REQUIRED ACTION:
From the line with "Familjen Bergström spelar piano." to the line with "Stråtjära, Hälsingland.", output every line below exactly, both ends included. Skip the pictures.
══ AVAILABLE RECORDS ══
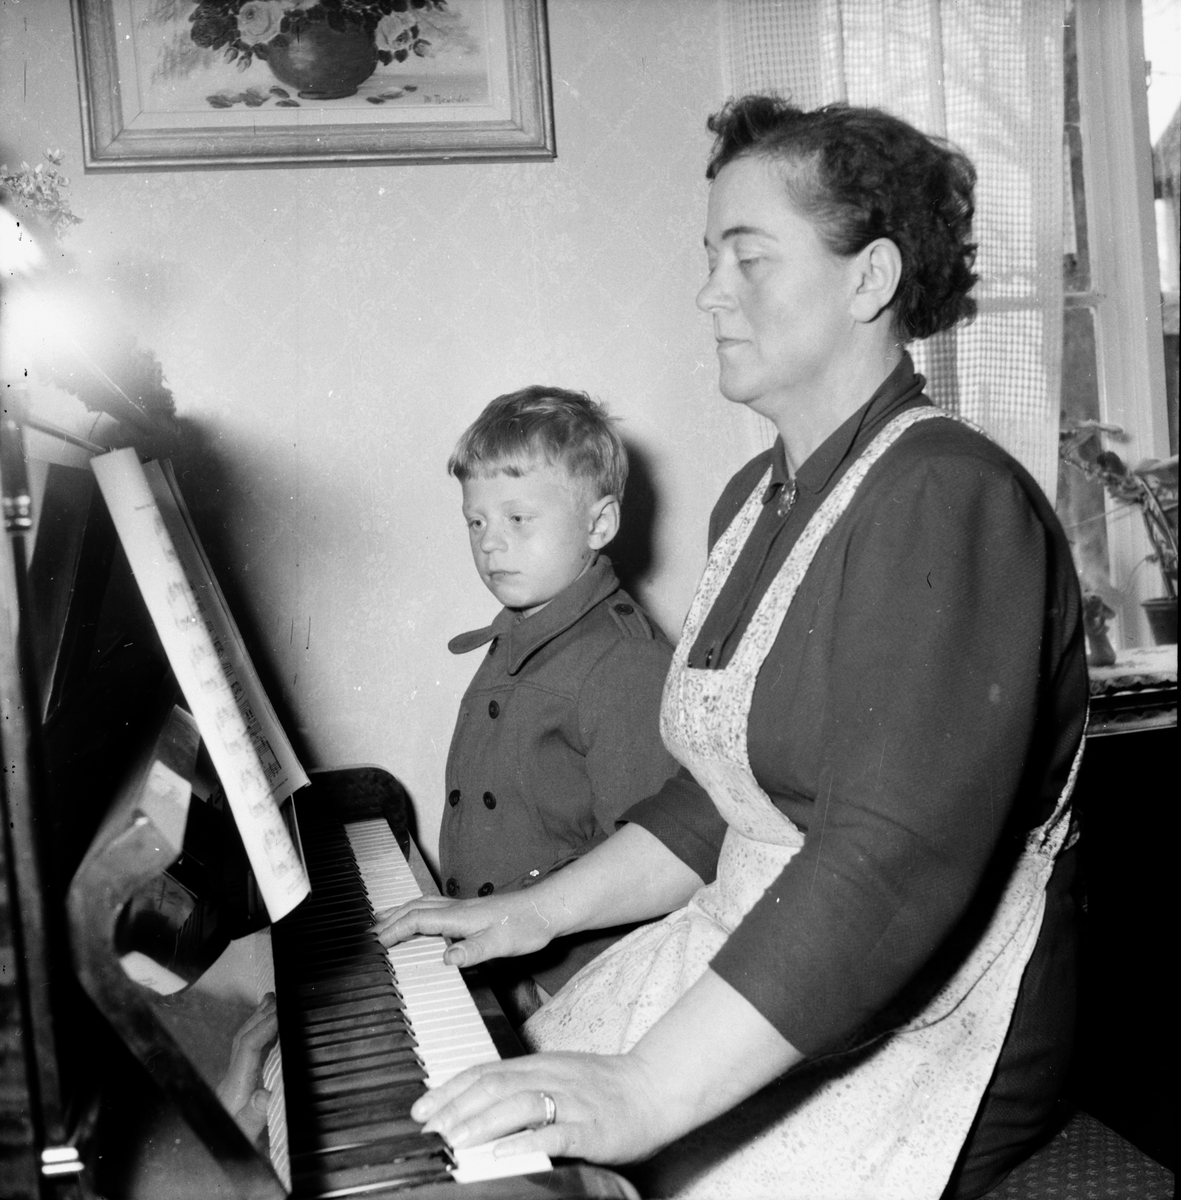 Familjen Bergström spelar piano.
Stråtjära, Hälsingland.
═══
══ AVAILABLE RECORDS ══
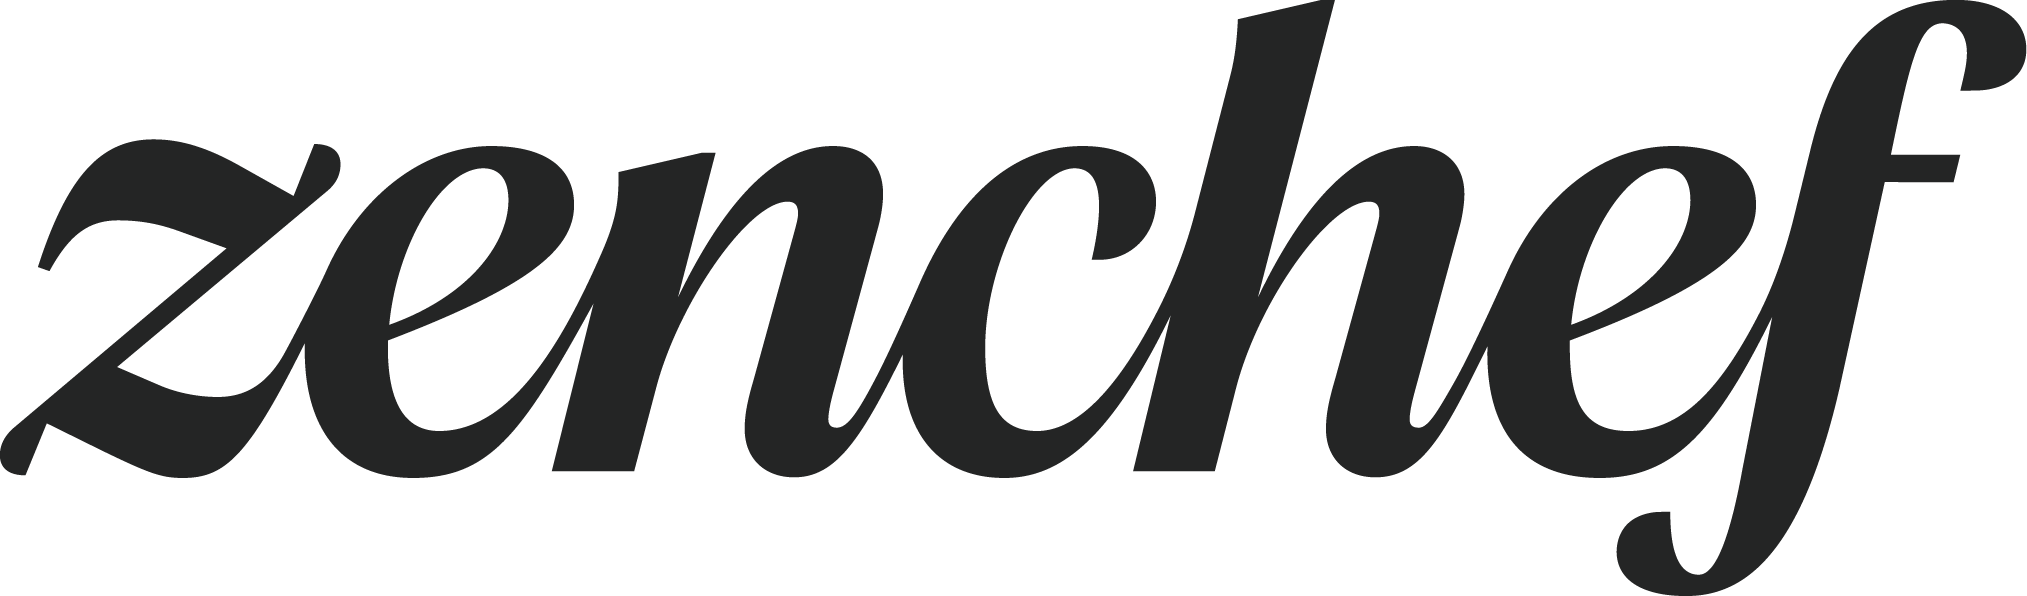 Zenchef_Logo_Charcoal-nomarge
═══
RESULT OF THIS EXERCISE:
 Familjen Bergström spelar piano.
Stråtjära, Hälsingland.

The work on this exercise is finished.